### Exercise requirements
Find every line in the records below that contains "Shirt", and copy it.
====== Data for this task
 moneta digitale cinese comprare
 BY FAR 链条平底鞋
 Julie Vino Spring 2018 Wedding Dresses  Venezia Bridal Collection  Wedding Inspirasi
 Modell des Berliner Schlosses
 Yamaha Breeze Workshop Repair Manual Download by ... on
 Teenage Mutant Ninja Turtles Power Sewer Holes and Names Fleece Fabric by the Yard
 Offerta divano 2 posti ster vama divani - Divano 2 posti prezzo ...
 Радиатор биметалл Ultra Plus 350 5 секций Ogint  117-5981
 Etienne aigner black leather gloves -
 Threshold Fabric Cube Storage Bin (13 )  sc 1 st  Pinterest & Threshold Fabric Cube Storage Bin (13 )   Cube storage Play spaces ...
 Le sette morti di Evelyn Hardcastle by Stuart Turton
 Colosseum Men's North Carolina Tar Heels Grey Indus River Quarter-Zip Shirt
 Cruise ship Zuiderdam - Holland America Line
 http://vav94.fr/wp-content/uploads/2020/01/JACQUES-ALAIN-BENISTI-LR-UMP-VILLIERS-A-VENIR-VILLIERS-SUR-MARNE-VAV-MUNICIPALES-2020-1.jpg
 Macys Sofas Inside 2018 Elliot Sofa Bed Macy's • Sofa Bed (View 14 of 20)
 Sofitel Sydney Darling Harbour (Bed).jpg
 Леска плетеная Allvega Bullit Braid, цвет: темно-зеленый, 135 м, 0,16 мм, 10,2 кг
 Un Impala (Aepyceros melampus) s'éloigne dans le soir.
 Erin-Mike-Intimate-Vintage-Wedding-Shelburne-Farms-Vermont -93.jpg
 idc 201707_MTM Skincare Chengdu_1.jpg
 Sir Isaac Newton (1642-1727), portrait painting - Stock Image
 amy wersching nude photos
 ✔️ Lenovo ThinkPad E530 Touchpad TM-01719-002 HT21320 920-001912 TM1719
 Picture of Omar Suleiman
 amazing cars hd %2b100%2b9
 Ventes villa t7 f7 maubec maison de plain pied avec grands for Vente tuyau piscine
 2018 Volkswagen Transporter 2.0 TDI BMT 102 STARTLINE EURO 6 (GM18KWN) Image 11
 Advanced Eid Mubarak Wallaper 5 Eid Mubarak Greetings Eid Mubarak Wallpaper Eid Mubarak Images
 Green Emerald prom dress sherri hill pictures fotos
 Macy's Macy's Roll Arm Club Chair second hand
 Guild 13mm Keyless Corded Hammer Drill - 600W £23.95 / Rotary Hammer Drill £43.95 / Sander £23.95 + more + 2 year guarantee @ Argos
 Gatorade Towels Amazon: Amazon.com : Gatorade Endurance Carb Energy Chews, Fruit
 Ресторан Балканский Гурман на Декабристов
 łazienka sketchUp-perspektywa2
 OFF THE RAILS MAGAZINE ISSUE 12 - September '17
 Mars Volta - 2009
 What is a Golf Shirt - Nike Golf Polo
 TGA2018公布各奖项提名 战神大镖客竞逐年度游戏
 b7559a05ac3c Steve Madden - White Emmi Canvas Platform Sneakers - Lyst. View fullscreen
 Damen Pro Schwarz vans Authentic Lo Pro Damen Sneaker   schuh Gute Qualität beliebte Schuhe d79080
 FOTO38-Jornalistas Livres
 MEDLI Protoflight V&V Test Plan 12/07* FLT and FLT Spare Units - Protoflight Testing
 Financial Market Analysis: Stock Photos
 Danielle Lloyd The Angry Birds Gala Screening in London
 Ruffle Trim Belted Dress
============
### Exercise output
 Colosseum Men's North Carolina Tar Heels Grey Indus River Quarter-Zip Shirt
 What is a Golf Shirt - Nike Golf Polo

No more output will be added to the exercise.